One man's case from start to finish: Five attorneys and five months in jail included
Share with others:
When Akinjo Akinwale was arrested in March, he expected to be held in the Allegheny County Jail for a few days at most before he could post bond and work out the charges.
He ultimately pleaded guilty to two summary counts -- the least serious possible category of crimes -- and was sentenced to six months probation. But not before he spent five months locked up.
Mr. Akinwale was arrested March 10 on the University of Pittsburgh campus after staff members in Benedum Hall saw his belongings in a room that was supposed to be locked and wondered why he was there.
When they confronted him, the police report said, he attempted to leave. The staff members stopped Mr. Akinwale, and physically restrained him -- although he attempted to get away from their grasp -- until police arrived.
Because he was not a Pitt student, and had no reason to be in the room, he was arrested. Pitt police charged him with aggravated assault and simple assault against the staff members, as well as receiving stolen property, defiant trespass and harassment. The felony aggravated assault counts were withdrawn when Mr. Akinwale waived his preliminary hearing on March 23.
Still, he was held in the Allegheny County Jail on $25,000 bail.
That bond situation was complicated by an outstanding warrant for Mr. Akinwale for a probation violation out of California for failing to pay required fines.
Because there were extradition orders, Mr. Akinwale was held on a fugitive detainer of $100,000. William Stanislaw, an assistant public defender, told him before his scheduled preliminary hearing that Mr. Akinwale should waive extradition. He did, which caused California to revoke his bond entirely.
Over the next few months, as he attempted to work out the charges in Pittsburgh, Mr. Akinwale's family tried to find an attorney in California to address the extradition order.
They eventually learned that if they paid his outstanding fines, the extradition detainer would be lifted -- and Mr. Akinwale could be released from jail.
Had it been done months sooner -- for example, before his preliminary hearing -- Mr. Akinwale could have asked his judge in Allegheny County to reduce his original bond, and he could have been released from jail much earlier.
Instead, he remained in custody for five months.
Following the waiver of his preliminary hearing, Mr. Akinwale's first Common Pleas Court date was scheduled for May 27.
On May 9, Allegheny County Assistant Public Defender Jaclynn Kearney entered her appearance in the case, but on May 20, that changed to Assistant Public Defender Hart Hillman.
Mr. Akinwale was scheduled to have his first pre-trial conference before Allegheny County Common Pleas Judge Donna Jo McDaniel on May 27.
Mr. Hillman was not there, so Ms. Kearney stood in for him. She tried to get Mr. Akinwale to plead guilty, even though he insisted he'd committed no crime. He had never met the lawyer before.

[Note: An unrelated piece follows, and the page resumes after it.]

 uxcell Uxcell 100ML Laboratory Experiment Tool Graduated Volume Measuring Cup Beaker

"She has no idea who I am, about what the case is, when she's trying to get me to plead," Mr. Akinwale said.
The case was postponed that day. In the months after, he attempted to write to Ms. Kearney twice but got no response.
He tried to write to Mr. Hillman three times, and called the public defender's office multiple times as well.

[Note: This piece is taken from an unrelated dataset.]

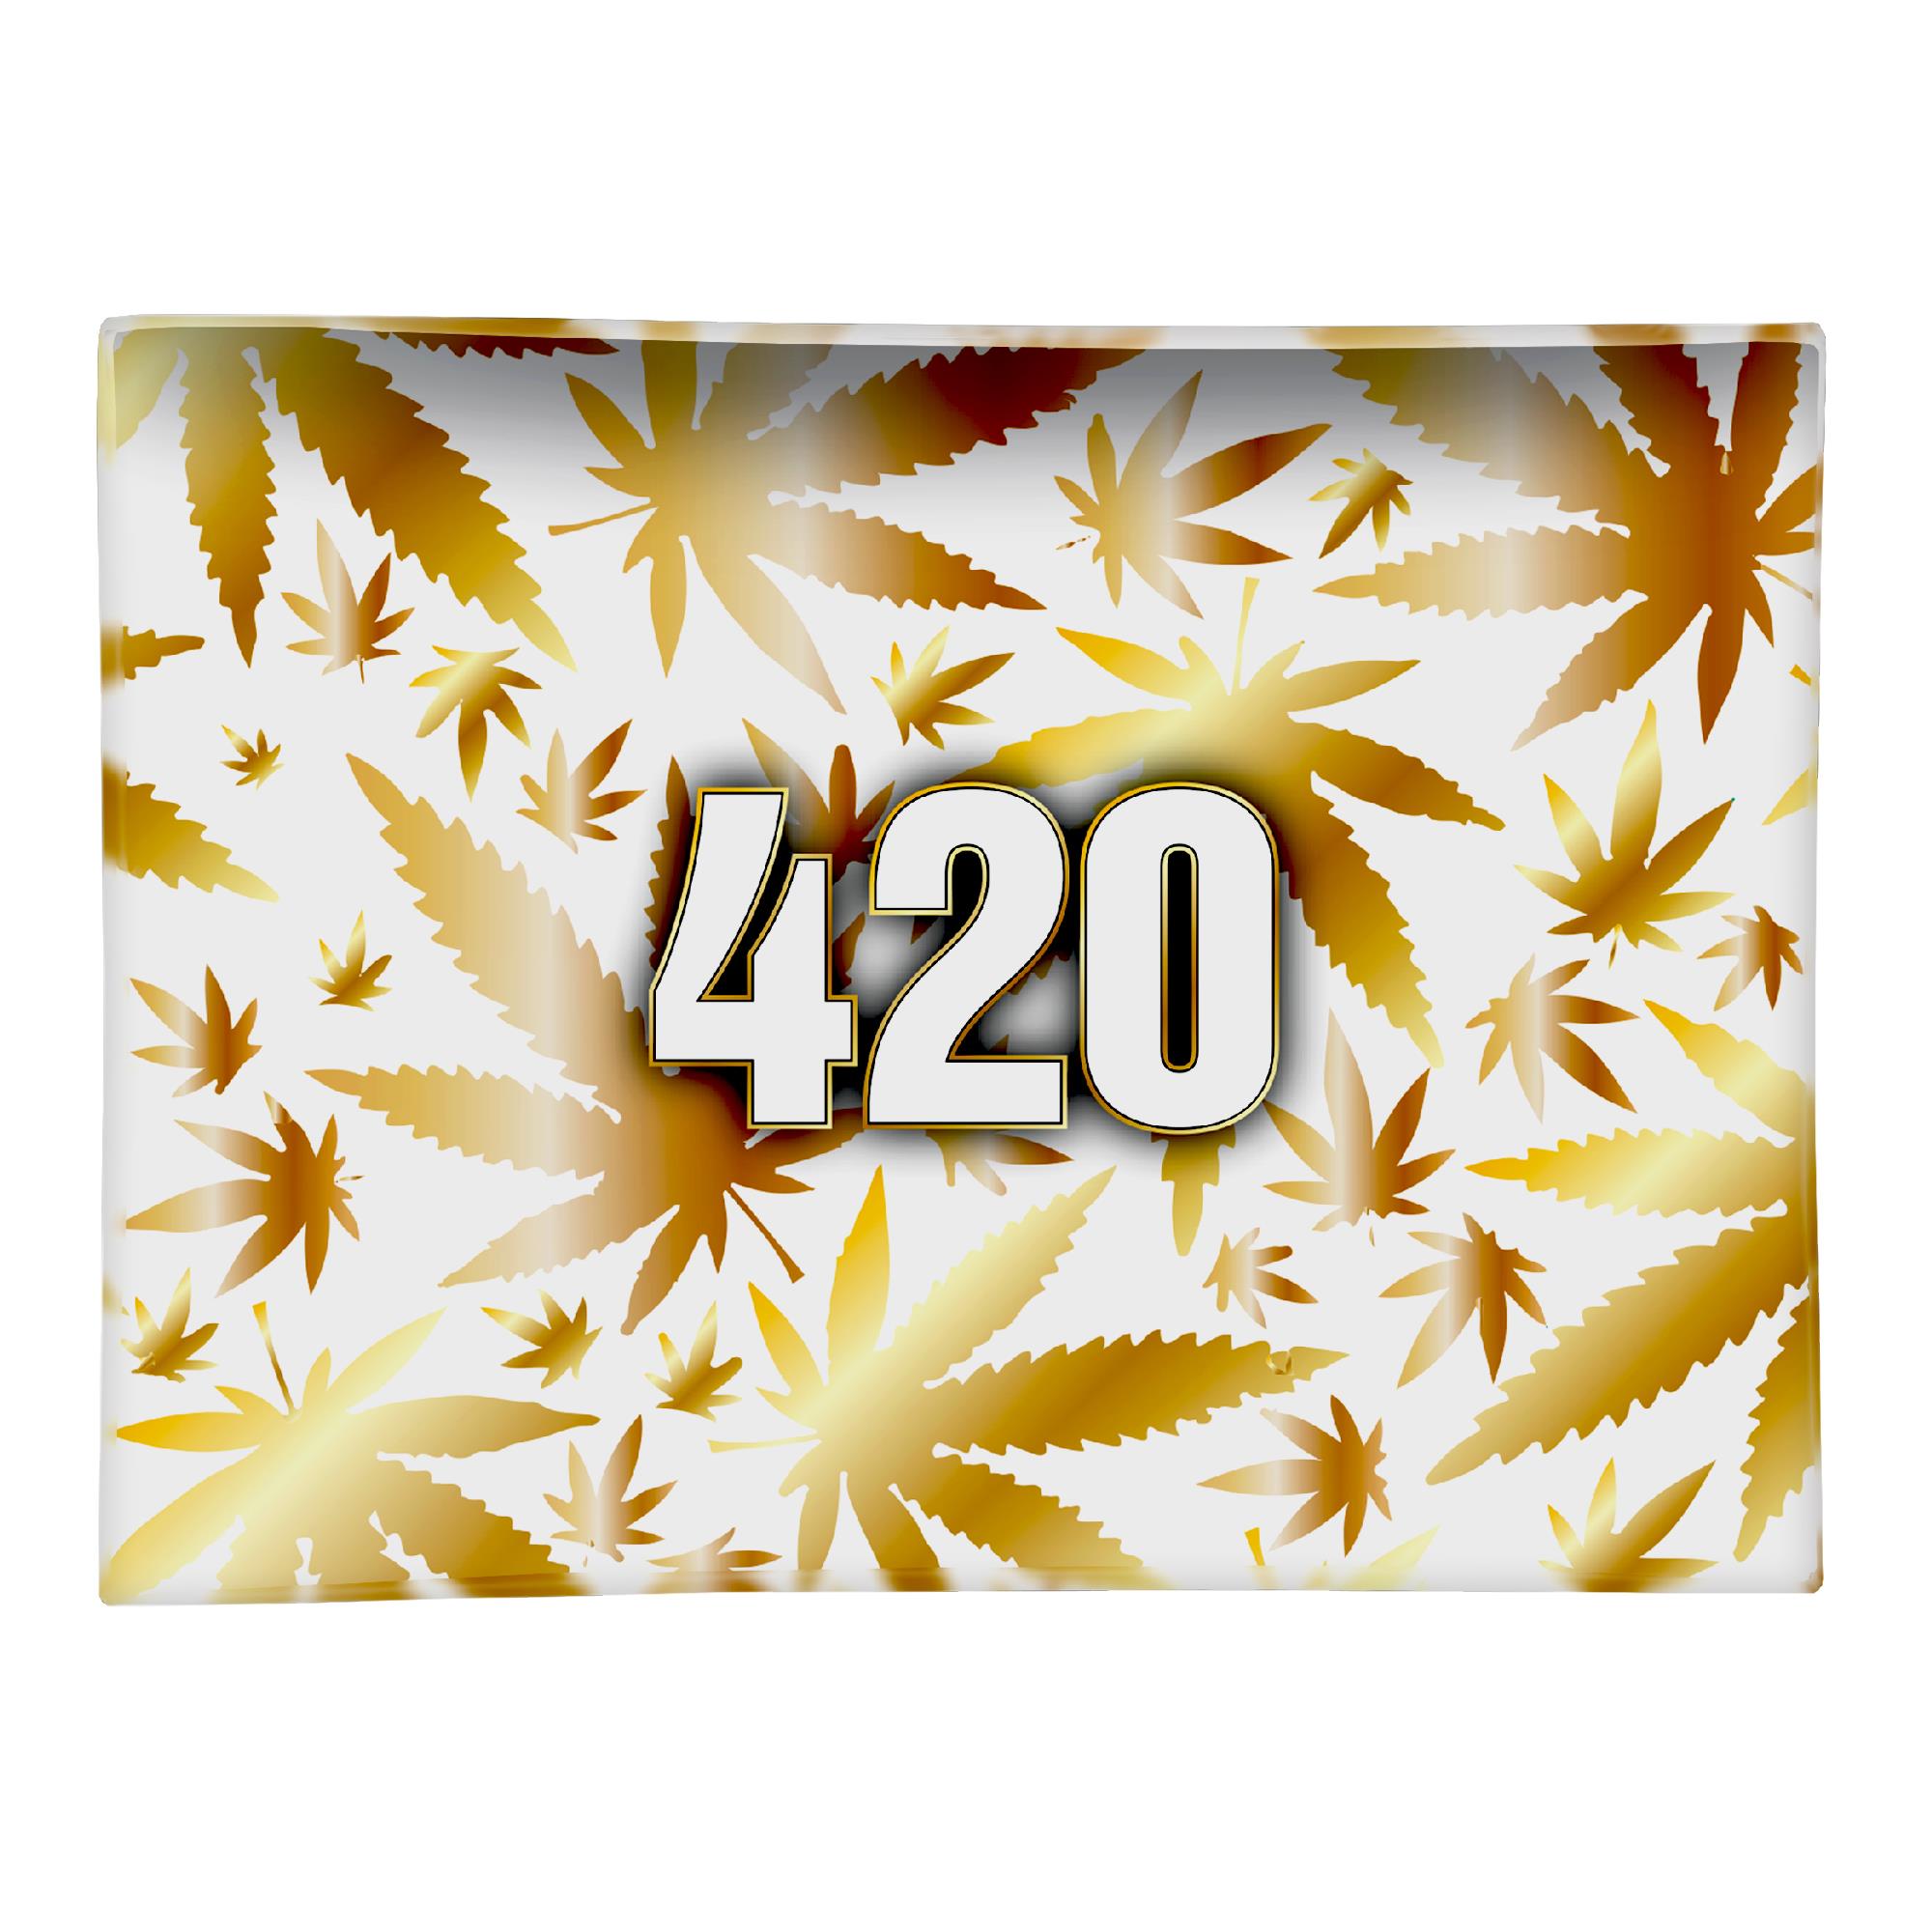 420 GOLD GLASS TRAY

"I couldn't get through to him," Mr. Akinwale said. "I could only leave messages on the phone."
He estimated he tried to contact an attorney at the public defender's office 10 to 20 times between March and August.
At one point, with no response from the PD's office, Mr. Akinwale resorted to filing his own, handwritten motions to Judge McDaniel.
"For five months, I have not been visited or spoken to by the public defender, Hart Hillman...," he wrote. "I take issue that I have not had a chance to talk with Mr. Hillman about my case. Also that I have to write my own motions without the advice of an attorney."
When his case was listed on June 20, Mr. Hillman (who was off work due to injury, according to the case file) had another public defender, Rebecca Hudock, stand in. The case was postponed for four more days. At that next hearing, Mr. Hillman was out again, and so Ms. Kearney represented him.
Again, he said, she wanted him to plead guilty.
He refused, and the case was again postponed -- this time until Aug. 18. In the meantime, Mr. Akinwale went back to jail.
At the Aug. 18 hearing, again Mr. Hillman was not there.
"I was pretty much expecting the lawyer assigned to me would not show up," Mr. Akinwale said.
Instead, another public defender, Sammy Sugiura, stood in. Again, he tried to get a postponement, but Judge McDaniel refused.
Mr. Akinwale said he wanted to go to trial, but Mr. Sugiura told him if they did, the case would have to be tried that day.
The only alternative was to plead guilty. The prosecution offered pleas to just the summary counts. Mr. Akinwale didn't want to take them because he didn't want the conviction on his record, but he didn't want to go back to jail either.
So he took the pleas.
"I had no idea they were going to keep me here for five months," Mr. Akinwale said.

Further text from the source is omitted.